Professor Jane Davies, Imperial College London
Our contribution: £50,000
Partner contribution: Helperby Therapeutics, £50,000
One way to tackle antibiotic resistance is to develop drugs to make bacteria more susceptible to current antibiotics. Biotech company Helperby are working with researchers within one of our Pseudomonas Strategic Research Centres to test the drugs in their development pipeline against specific strains of Pseudomonas. If their research is successful these drugs could reduce the burden of care during infections and reduce long-term lung damage by clearing infections faster.

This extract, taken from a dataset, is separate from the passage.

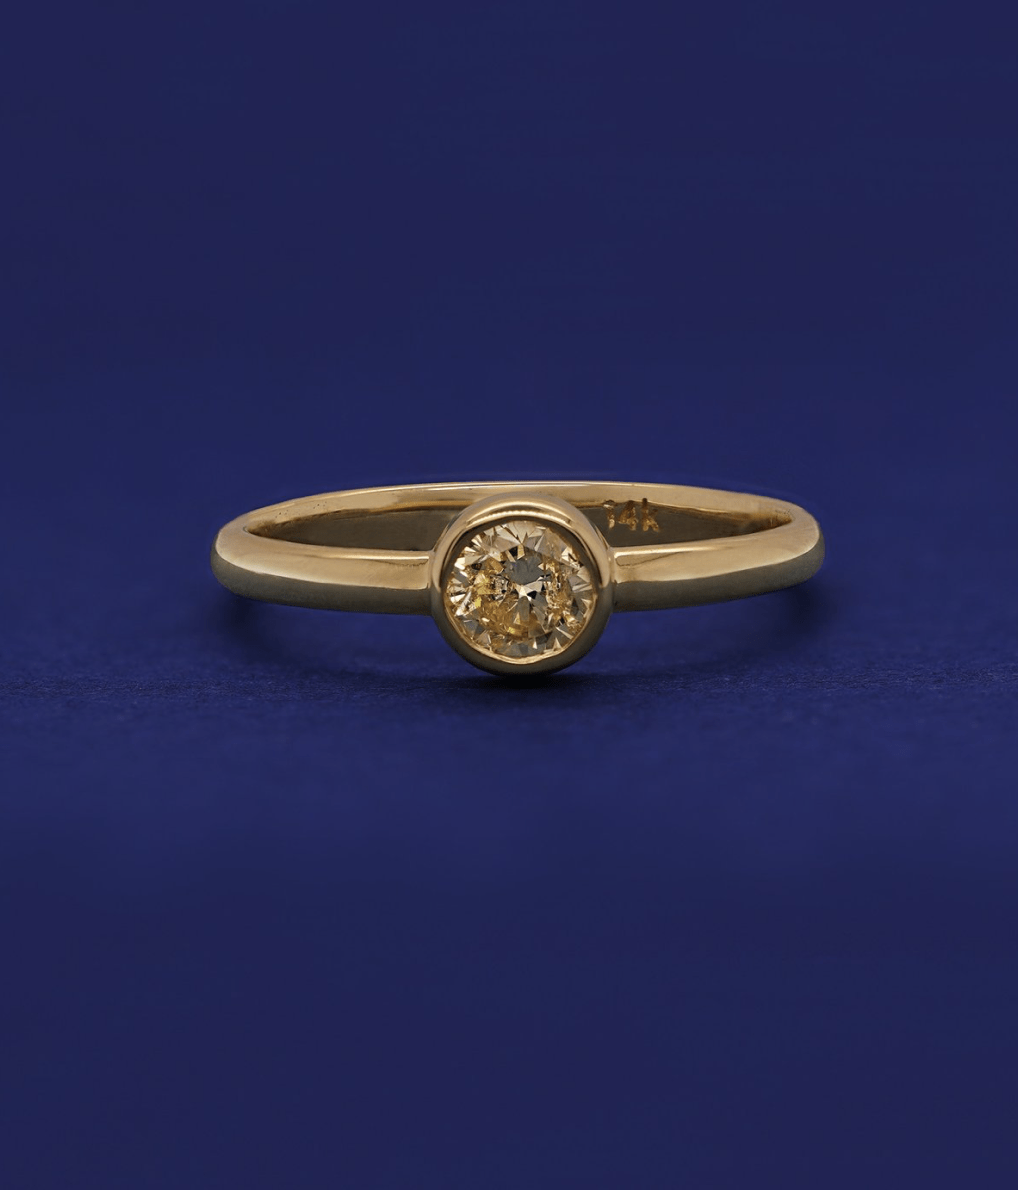 A 14k yellow gold bezel set 1/3ct Diamond Ring on a blue background

Developing drugs to increase the effectiveness of NTM antibiotics
Neem Biotech, UK
Our contribution: £30,000
Partner contribution: Neem Biotech, £30,000
We are providing support to researchers at the biotech company Neem to continue lab test on promising lead ‘would-be-drugs’ that work by increasing the effectiveness of current antibiotics against NTM bacteria.
How do NTM infections live alongside other bugs in the CF lung
Professor Chris van der Gast, Manchester Metropolitan University
Our contribution: £48,000
Partner contribution: Manchester Metropolitan University, £48,000
Developing NTM infection can have devastating consequences for people with CF, leading to increased lung damage and a year-long course of antibiotics that may not work, and may reduce their chances of a successful lung transplant. More research is needed to rethink how NTM is treated. This research study will investigate how NTM infections develop alongside other bugs within the lung. The results will provide important new information to apply in the development of more effective treatments.